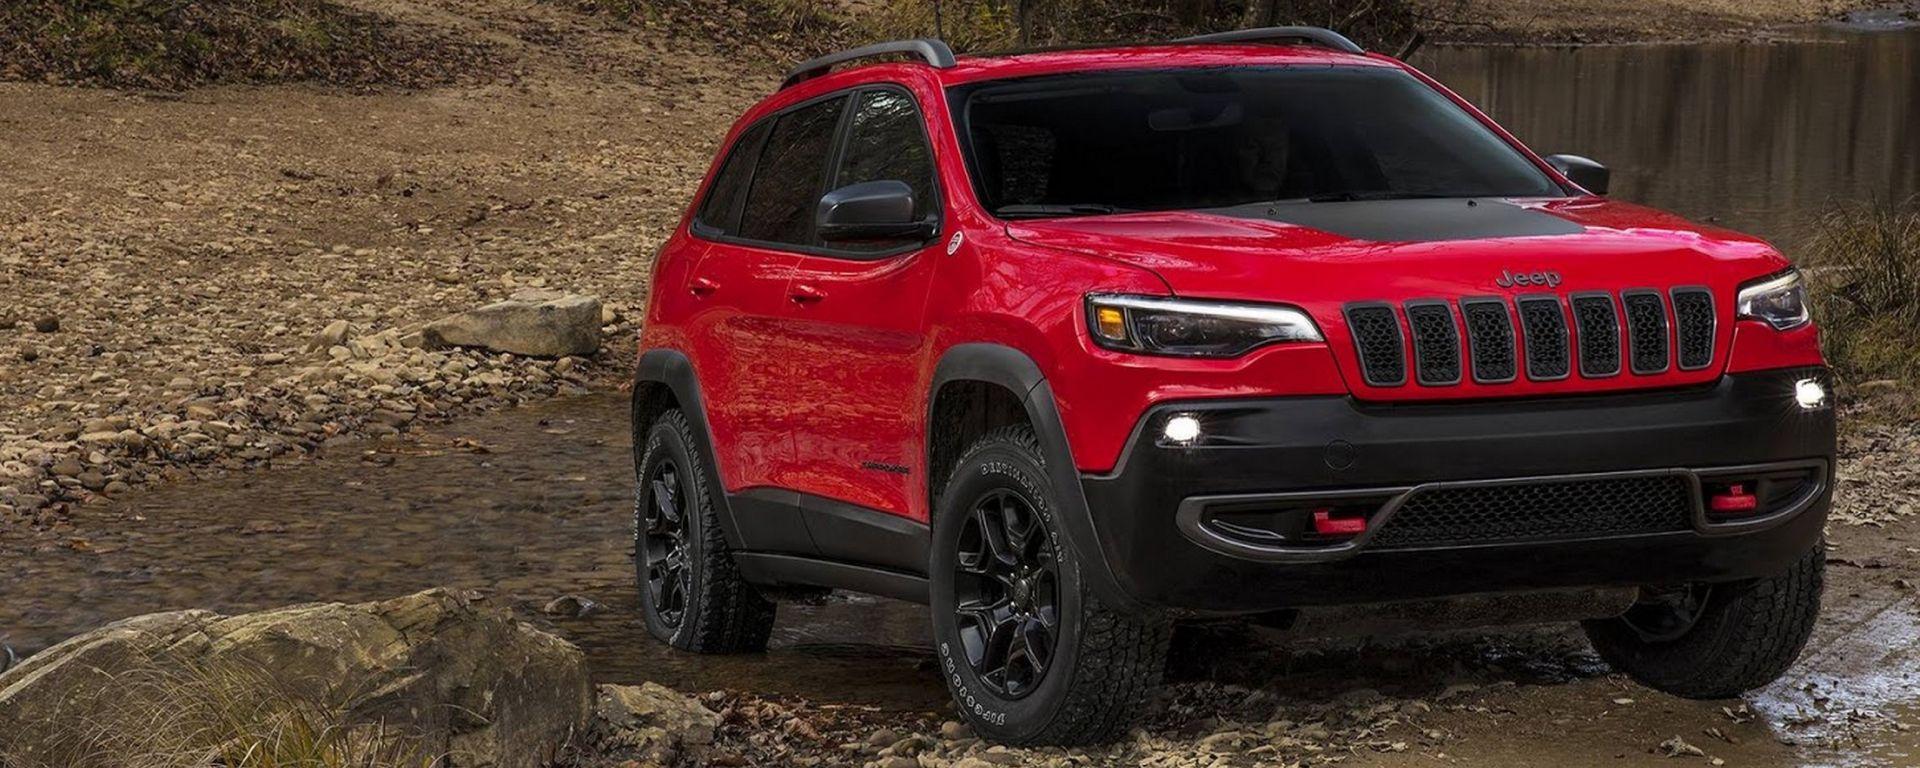 Anteprima nuova Jeep Cherokee 2018: foto, caratteristiche ...
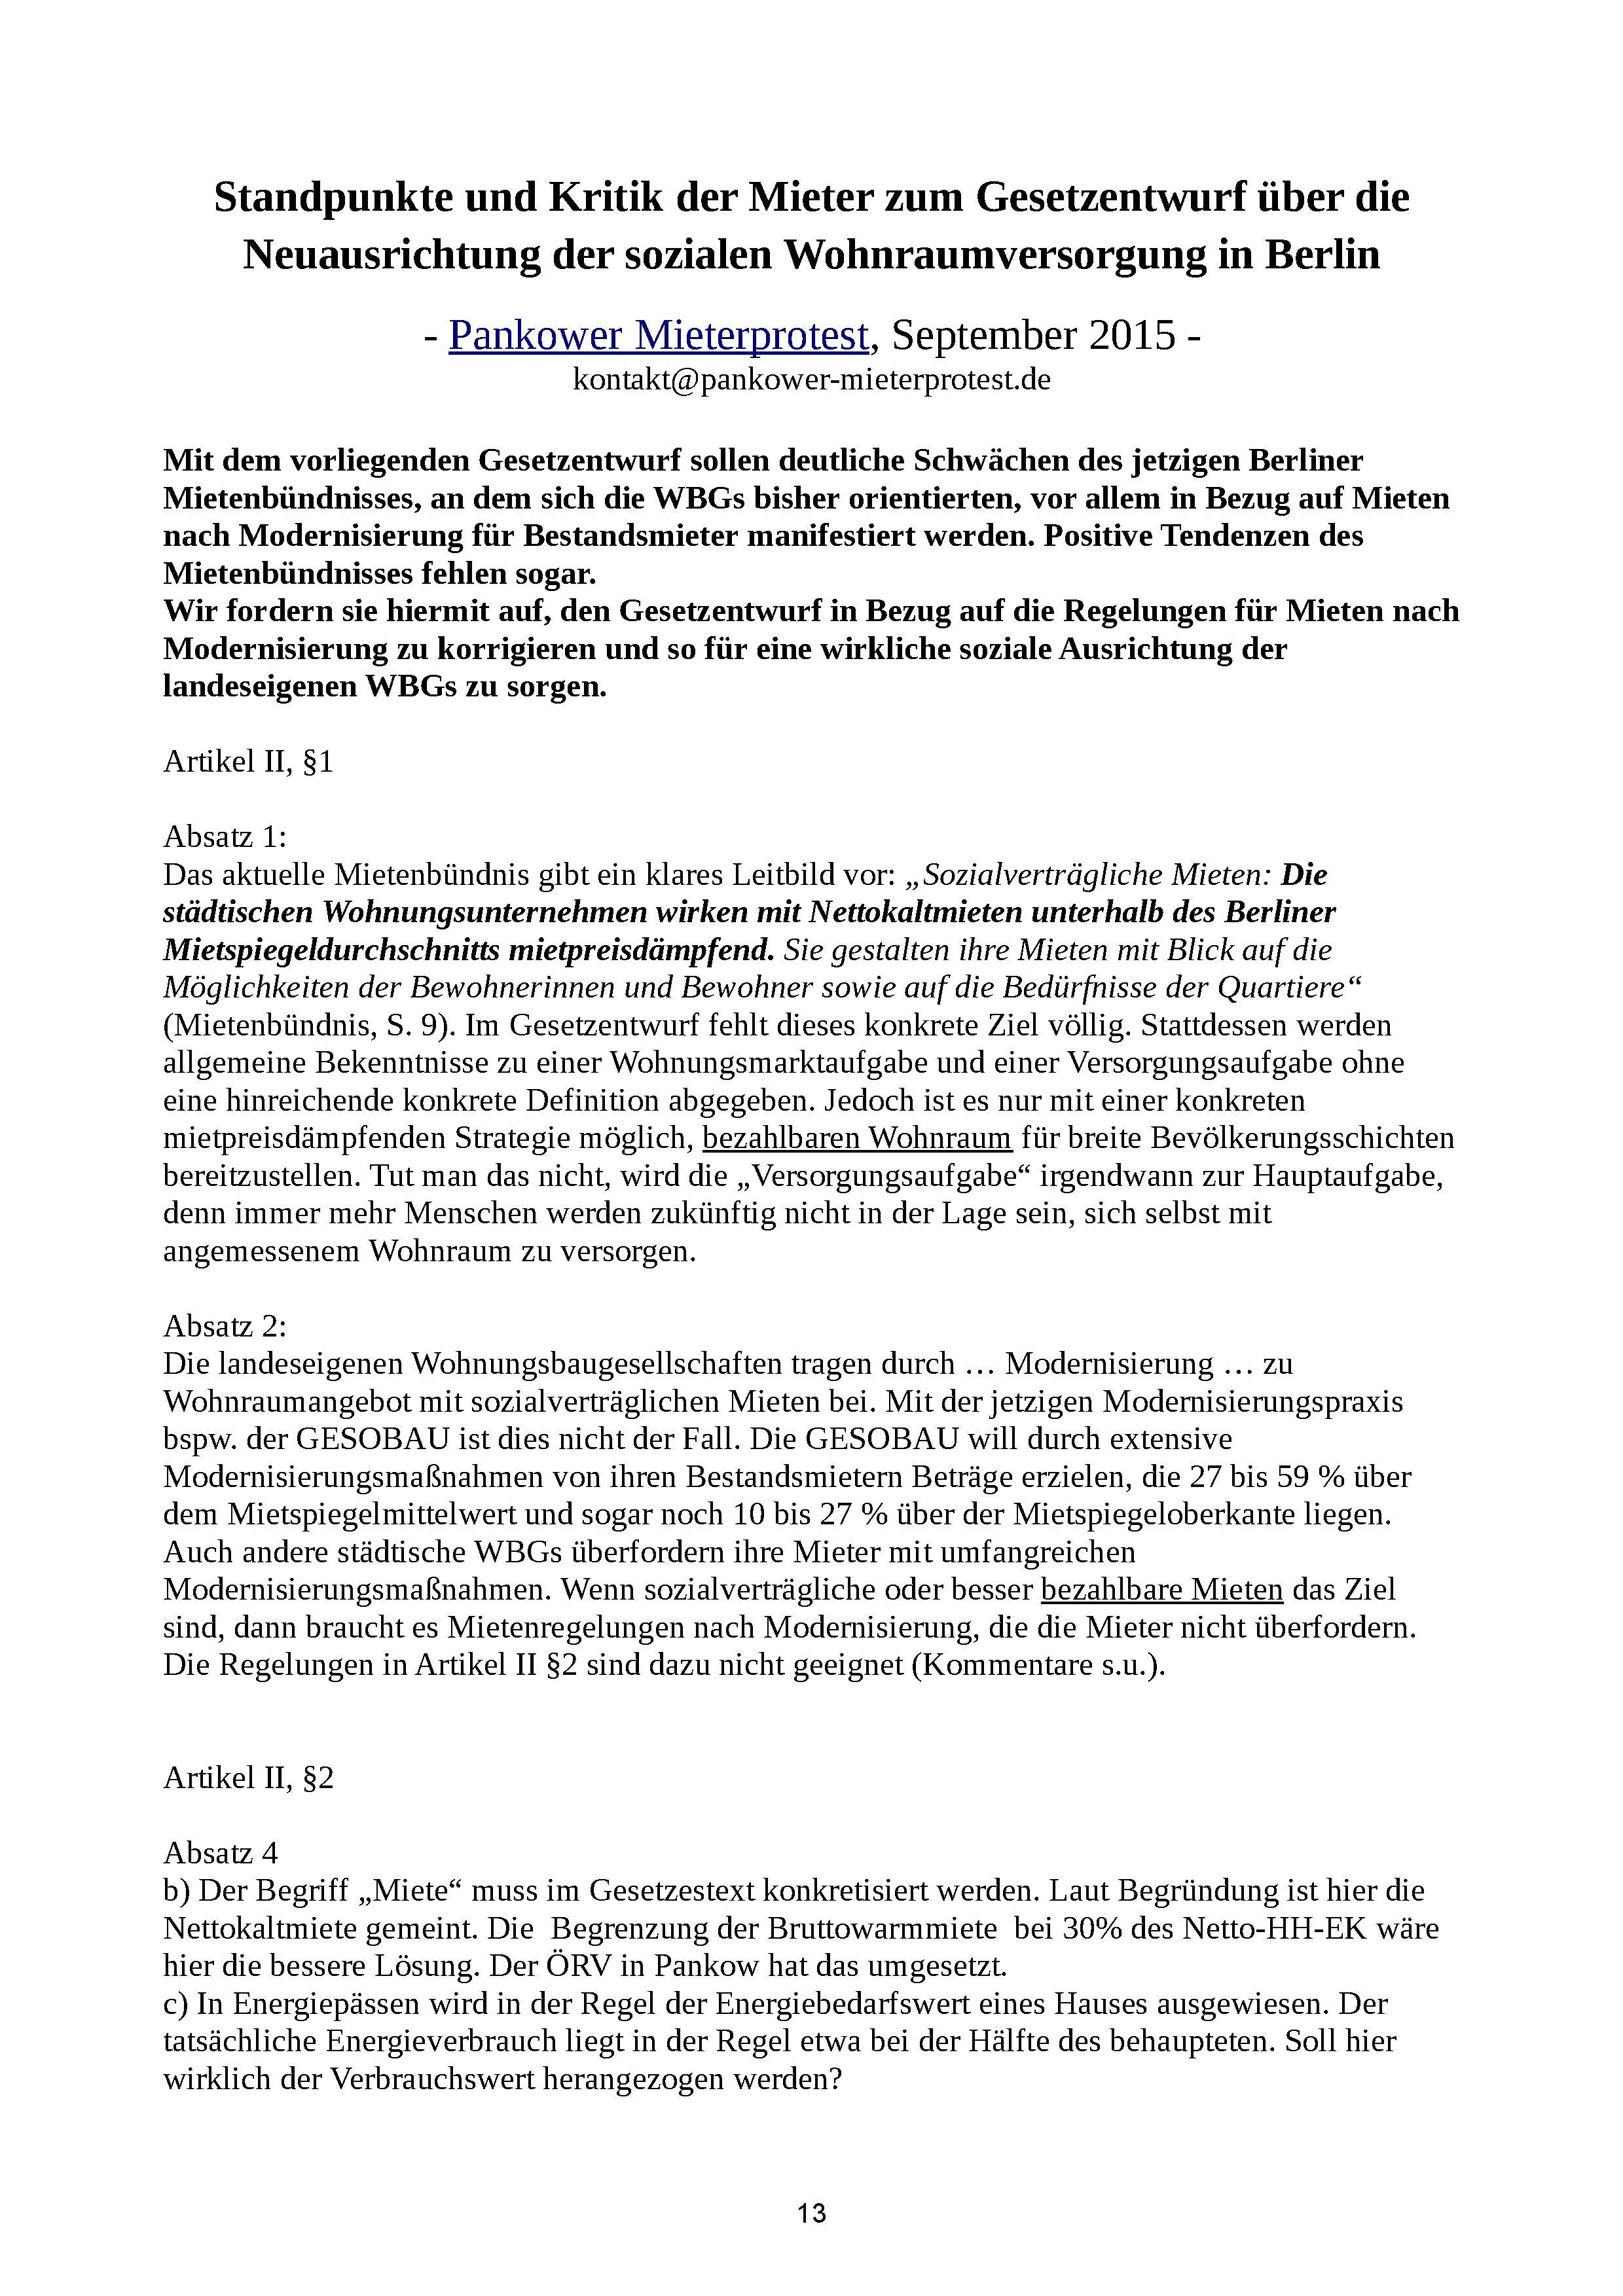 stadtpolitisches_hearing_021116_pressemappe1_seite_14
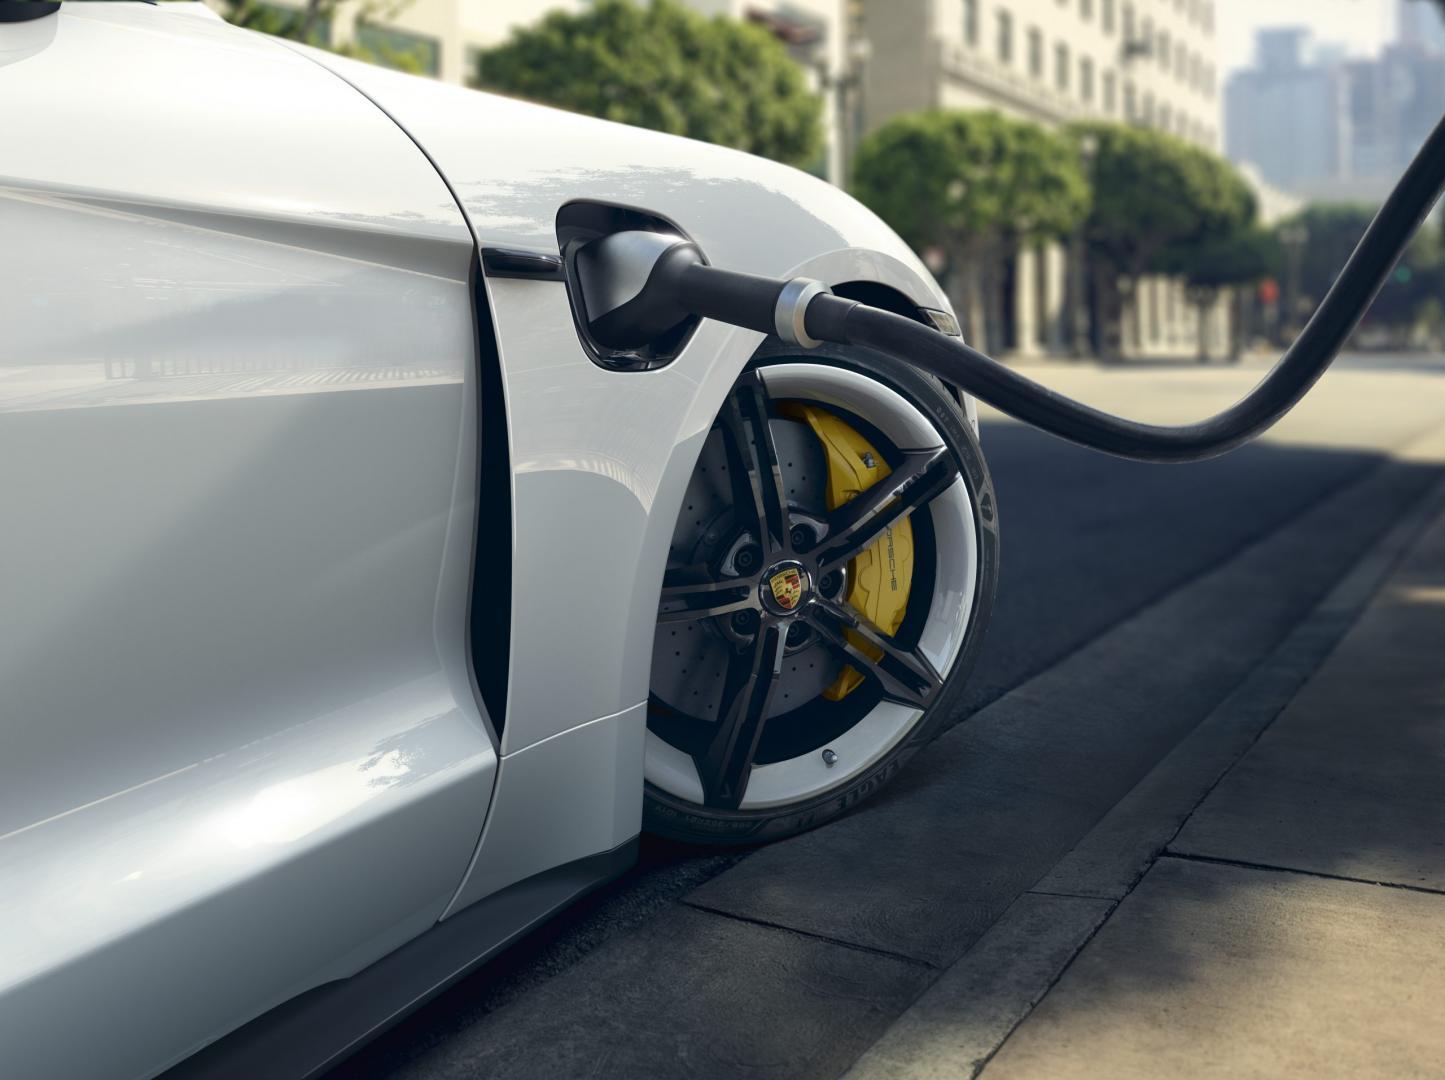 Porsche Taycan Turbo S 2019 stekker laden
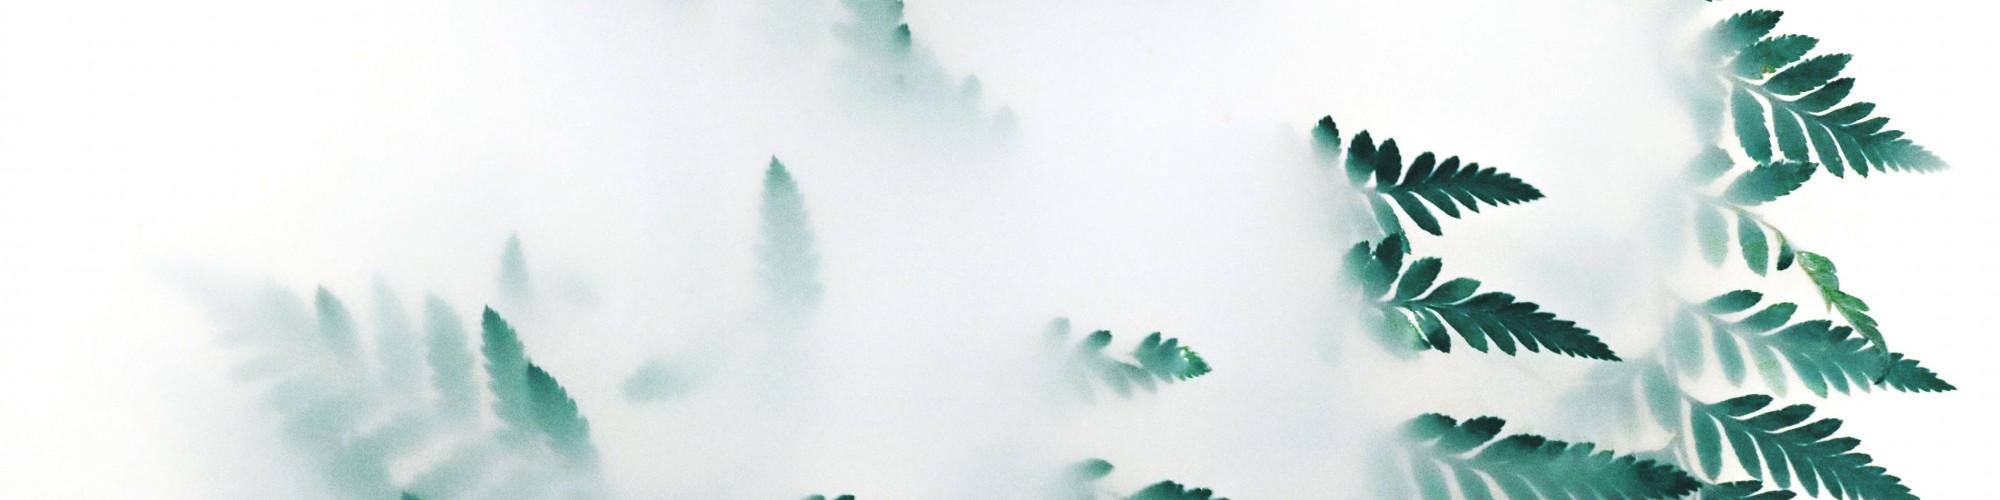 blur-bright-close-up-1405773

***

> _Task directions_:
Apart from the images, please copy every line of the data exactly as written.

> _Task result_:
 Anteprima nuova Jeep Cherokee 2018: foto, caratteristiche ...
 stadtpolitisches_hearing_021116_pressemappe1_seite_14
 Porsche Taycan Turbo S 2019 stekker laden
 blur-bright-close-up-1405773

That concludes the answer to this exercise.